> [RECORDS]:
------------
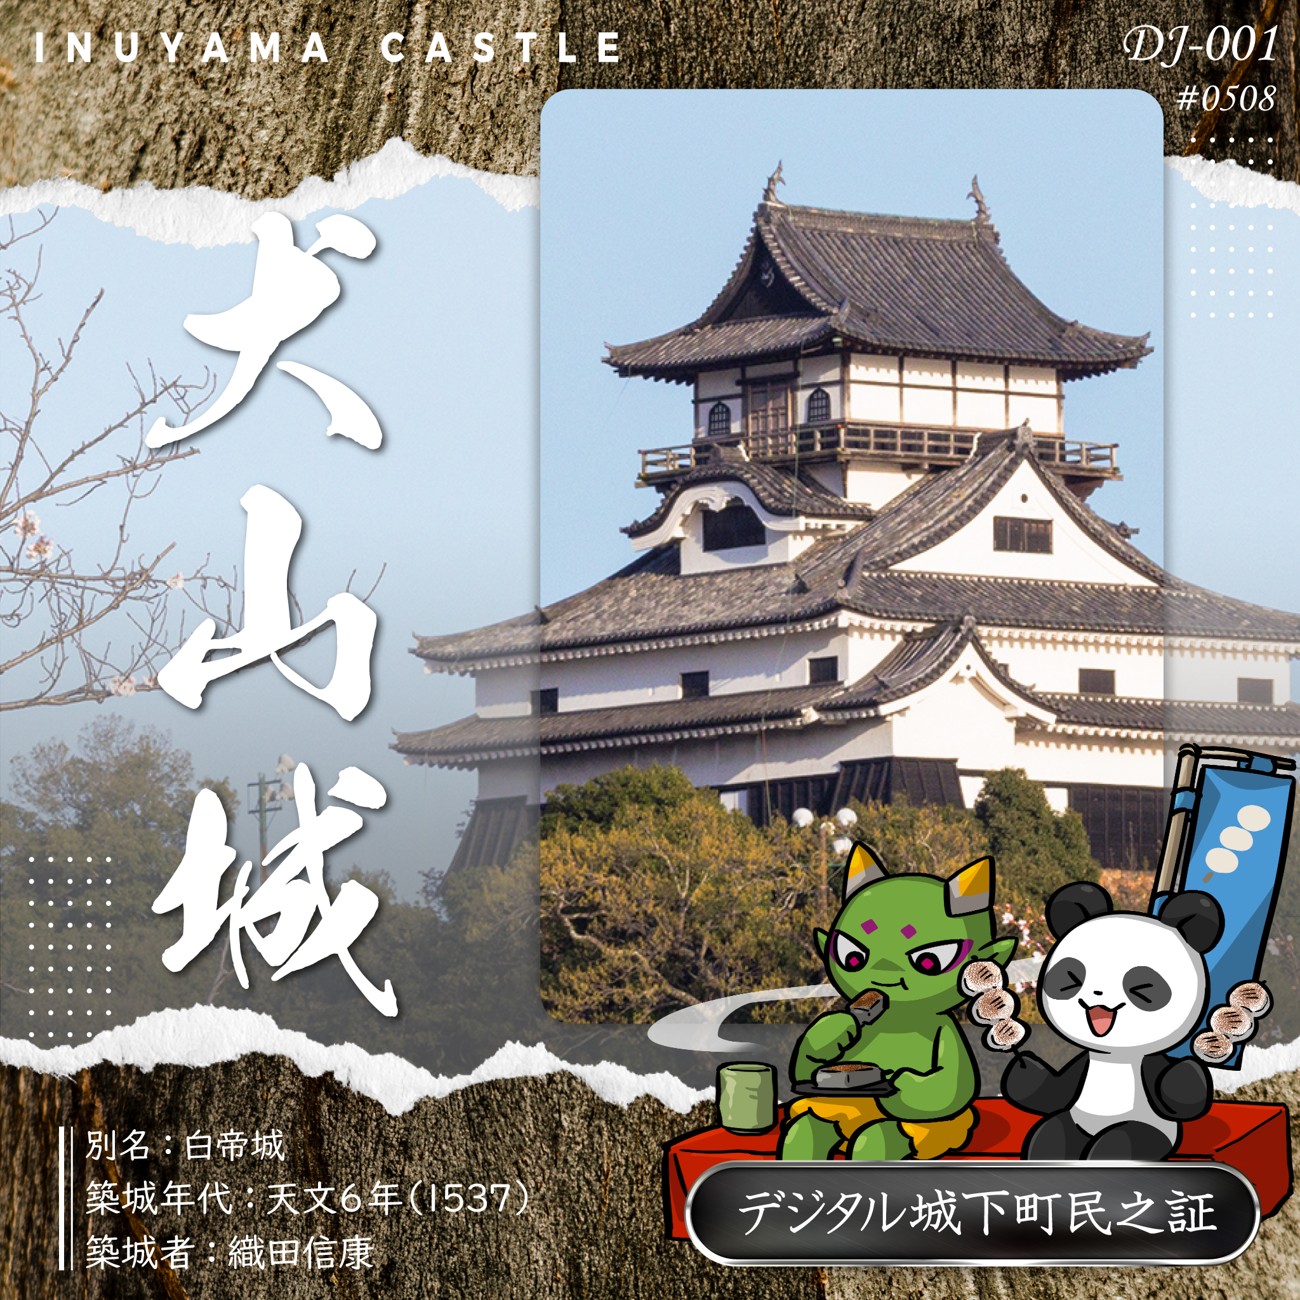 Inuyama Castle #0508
------------
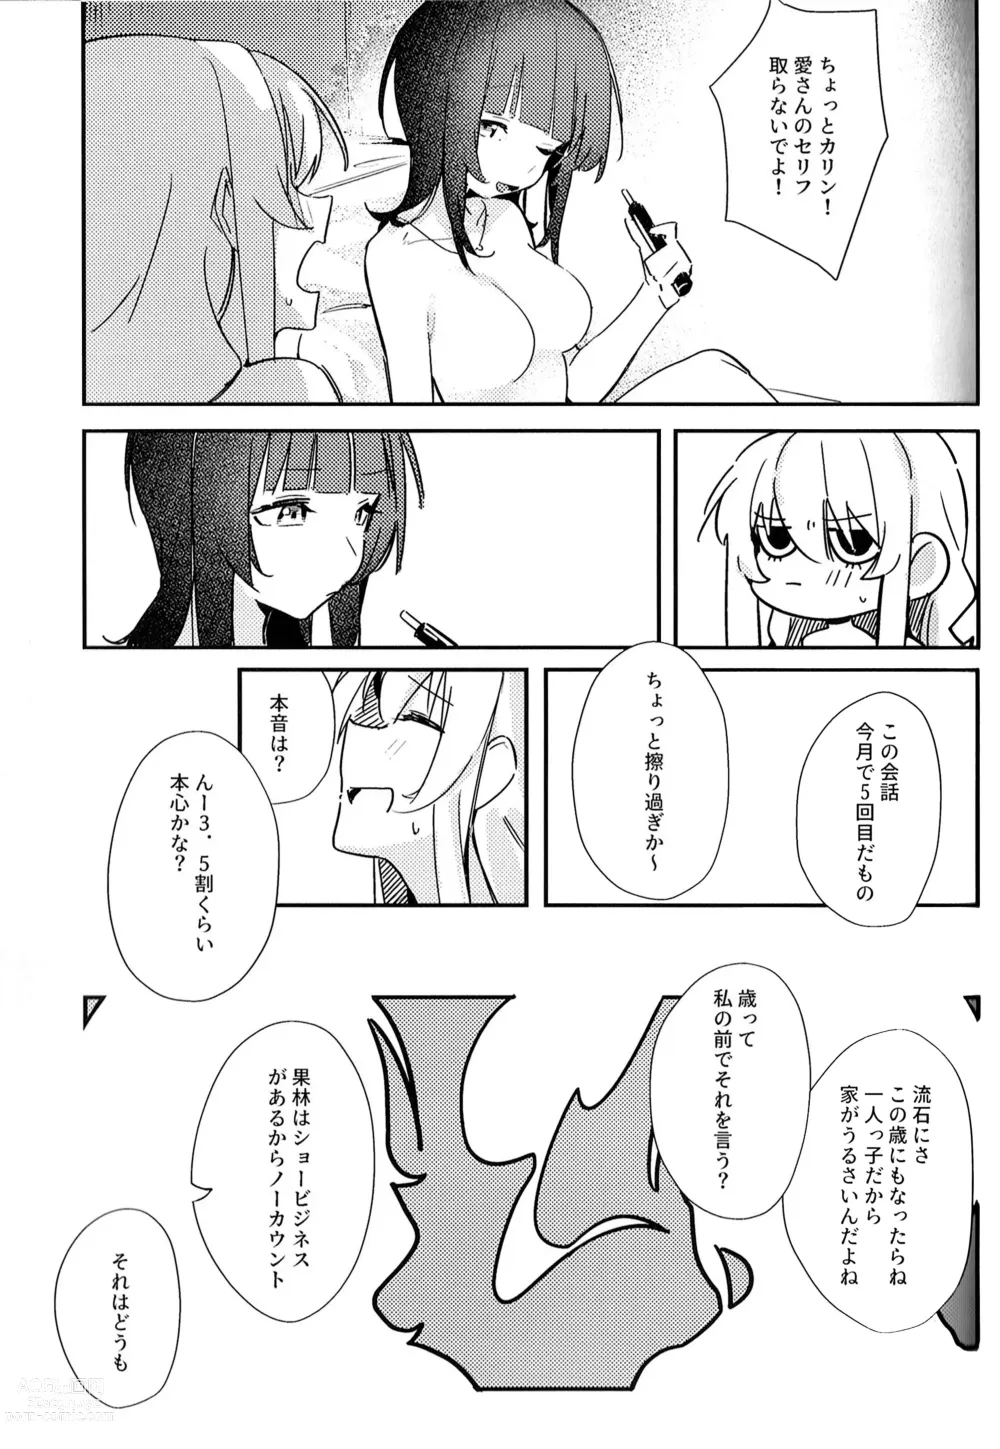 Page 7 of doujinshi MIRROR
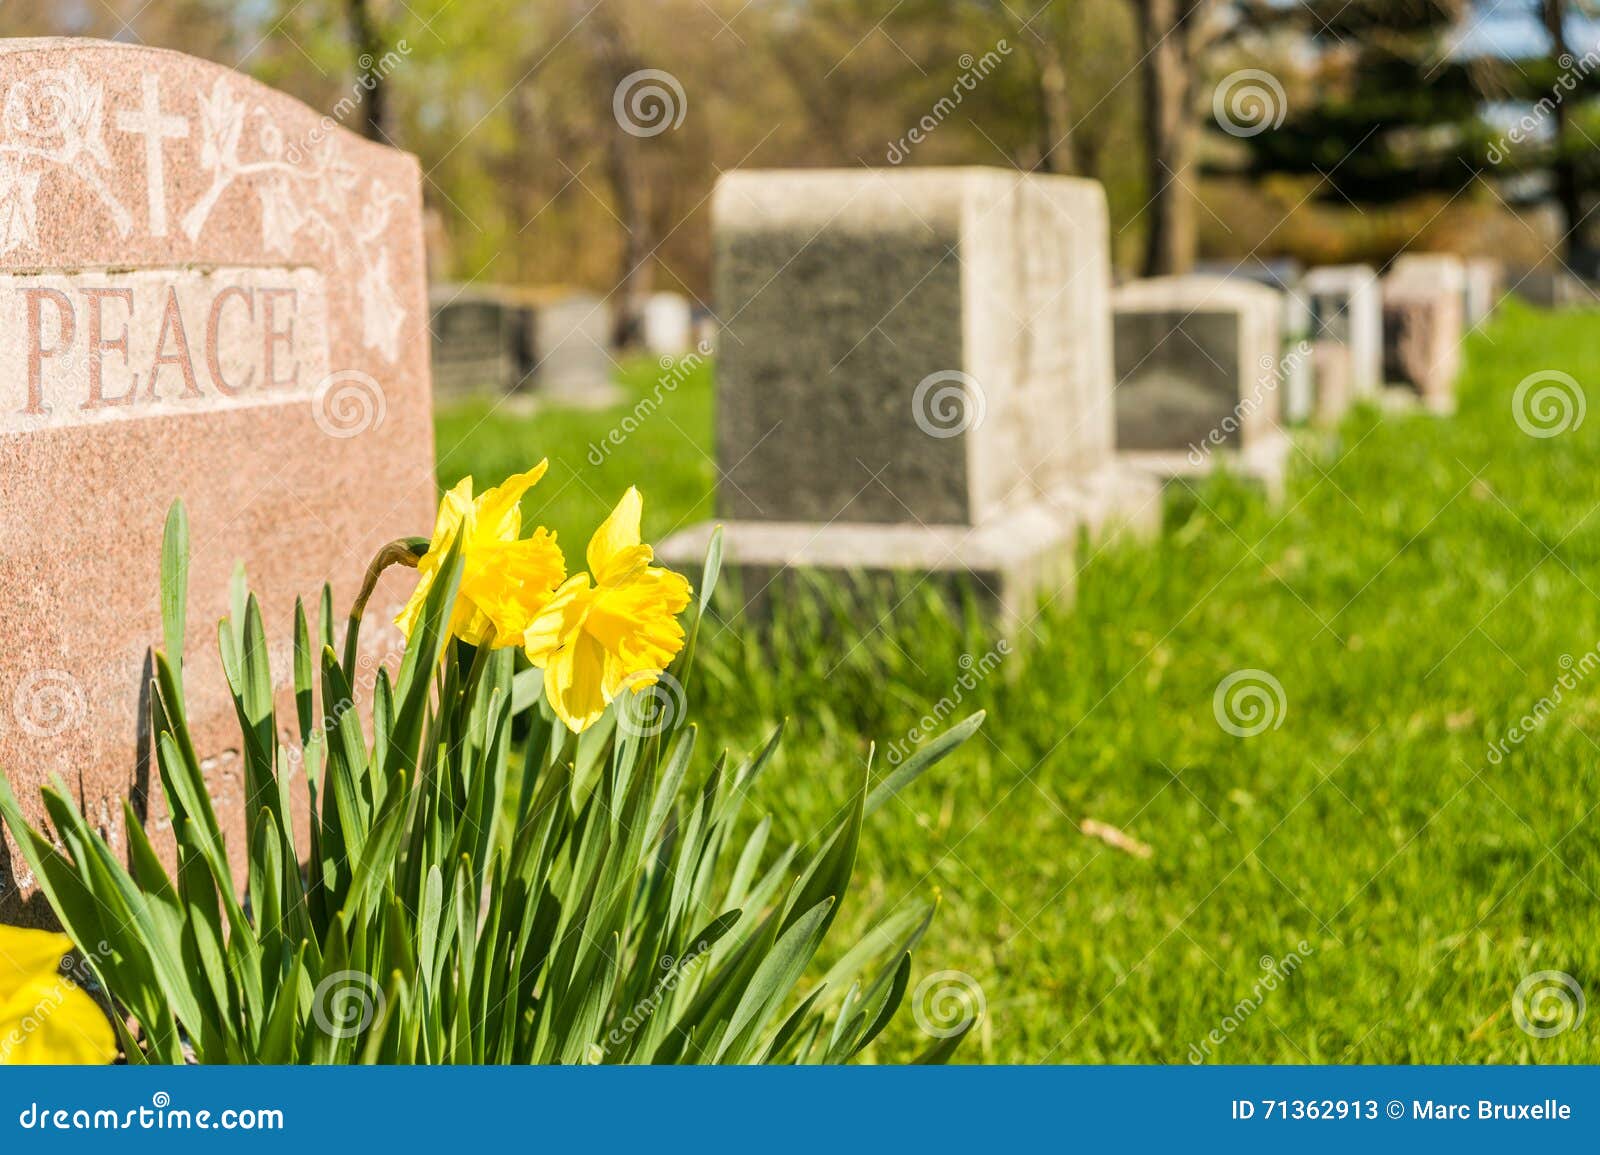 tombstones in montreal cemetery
------------
> [WHAT IS EXPECTED]: From the listing above, repeat only the lines between the line containing "Page 7 of doujinshi MIRROR" and the line containing "tombstones in montreal cemetery", those two included. Pictures are not part of the copy.

> [SOLVED EXERCISE]:
 Page 7 of doujinshi MIRROR
 tombstones in montreal cemetery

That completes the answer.